0

I have a performance problem with a code I'm revisioning, everytime will give an OOM while performing a count. I think I found the problem, basically after keyBy tranformation, being executed aggregateByKey. The problem lies to the fact that almost 98% of the RDD elements has the same key, so aggregationByKey, generate shuffle, putting nearly all records into the same partition, bottom line: just few executors works, and has to much memory pressure.

This is the code:

val rddAnomaliesByProcess : RDD[AnomalyPO] = rddAnomalies
    .keyBy(po => po.getProcessCreator.name)
    .aggregateByKey(List[AnomalyPO]())((list,value) => value +: list,_++_)
    .map {case(name,list) =>
      val groupByKeys = list.groupBy(po => (po.getPodId, po.getAnomalyCode, po.getAnomalyReason, po.getAnomalyDate, po.getMeasureUUID))
      val lastOfGroupByKeys = groupByKeys.map{po => (po._1, List(po._2.sortBy { po => po.getProcessDate.getMillis }.last))}
      lastOfGroupByKeys.flatMap(f => f._2)
    }
    .flatMap(f => f)

log.info("not duplicated Anomalies: " + rddAnomaliesByProcess.count)

I would a way to perform operation in a more parallel way, allowing all executors to work nearly equally. How can I do that?

Should I have to use a custom partitioner?

Giorgio
  • 1,073
  • 3
  • 15
  • 33
  • *"The problem lies to the fact that almost 98% of the RDD elements has the same key"* Is there a reason so many elements have the same key? Is that a business requirement? – Yuval Itzchakov Jan 16 '17 at 15:56
  • 1
    Actually I don't know, I don't have any functional knowledge, I'm just trying to find performance bottleneck. I must consider that they had thought about it and partitioning is right. – Giorgio Jan 16 '17 at 16:00
  • Perhaps if the key generation was better, and ideally uniform, you wouldn't have a problem where a single partition was so large. – Yuval Itzchakov Jan 16 '17 at 16:00
  • But as you can see, they do also an aggregateByKey, so I should trying to solve without changing code, other than partioning transformations. – Giorgio Jan 16 '17 at 16:03
  • Yes , is a very bad piece of code, no doubt about it. I would like Just ti know if there was any quick and dirty solution applicable without changing program Logic and I was thinking if partitioning could solve or at least alleviate performance problems – Giorgio Jan 16 '17 at 16:21

1 Answers1

1

If your observation is correct and

98% of the RDD elements has the same key

then change of partitioner won't help you at all. By the definition of the partitioner 98% of the data will have to be processed by a single executor.
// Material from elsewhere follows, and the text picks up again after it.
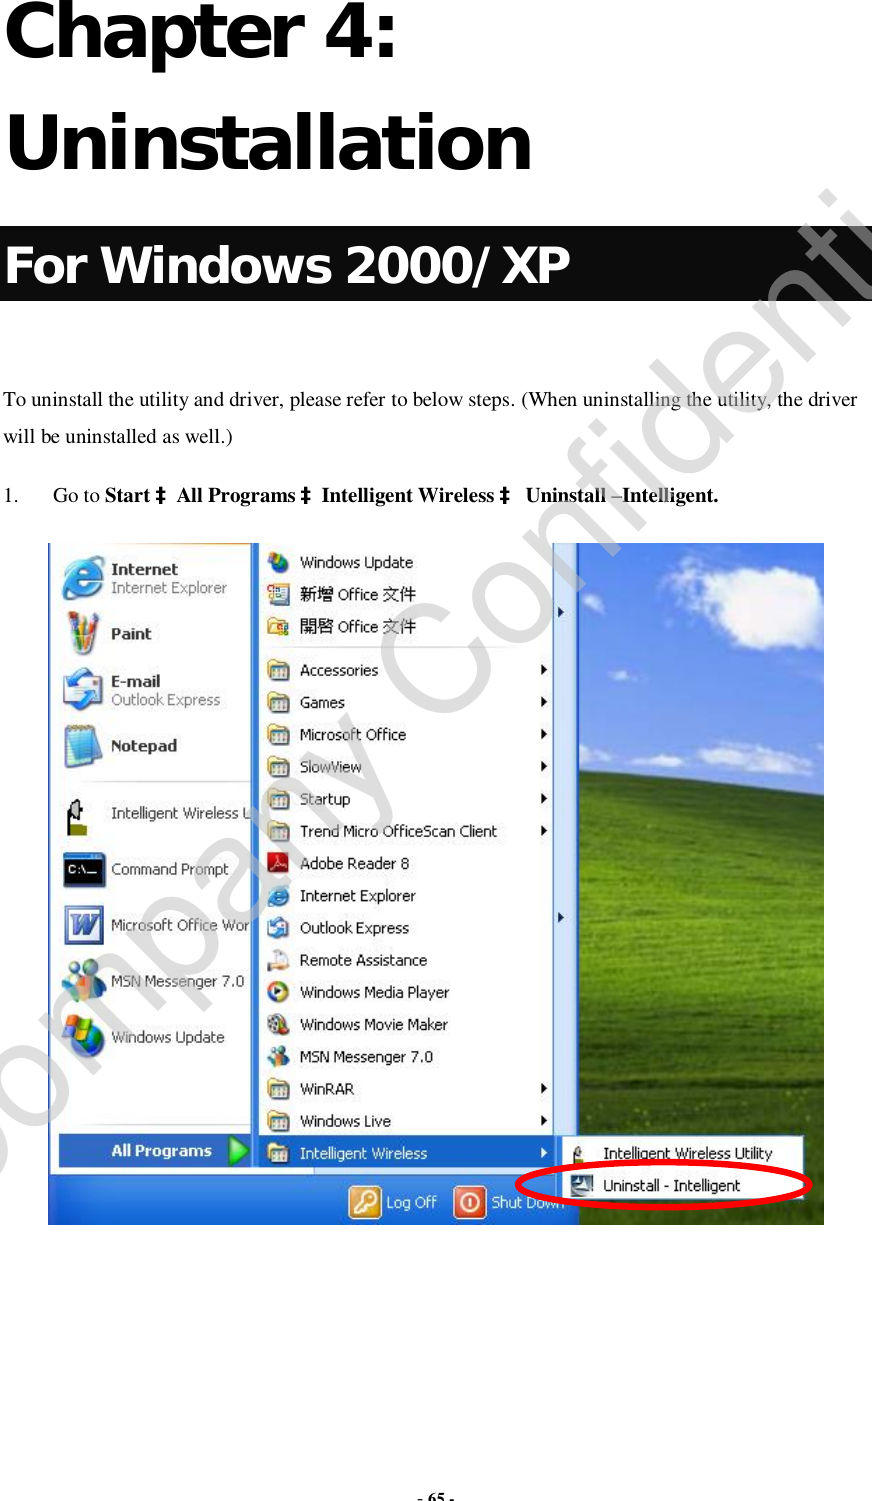  - 65 -  Chapter 4: Uninstallation For Windows 2000/XP  To uninstall the utility and driver, please refer to below steps. (When uninstalling the utility, the driver will be uninstalled as well.) 1. Go to Start àAll Programs àIntelligent Wireless à Uninstall –Intelligent.       Company Confidential

Luckily bad code is probably the bigger problem here than the skew. Skipping over:

.aggregateByKey(List[AnomalyPO]())((list,value) => value +: list,_++_)

which is just a folk magic it looks like the whole pipeline can be rewritten as a simple reuceByKey. Pseudocode:

  • Combine name and local keys into a single key:

    def key(po: AnomalyPO) = (
      // "major" key
      po.getProcessCreator.name, 
      // "minor" key
      po.getPodId, po.getAnomalyCode,
      po.getAnomalyReason, po.getAnomalyDate, po.getMeasureUUID
    )
    

    Key containing name, date and additional fields should have much higher cardinality than the name alone.

  • Map to pairs and reduce by key:

    rddAnomalies
      .map(po => (key(po), po))
      .reduceByKey((x, y) => 
        if(x.getProcessDate.getMillis > y.getProcessDate.getMillis) x else y
      )
    
zero323
  • 322,348
  • 103
  • 959
  • 935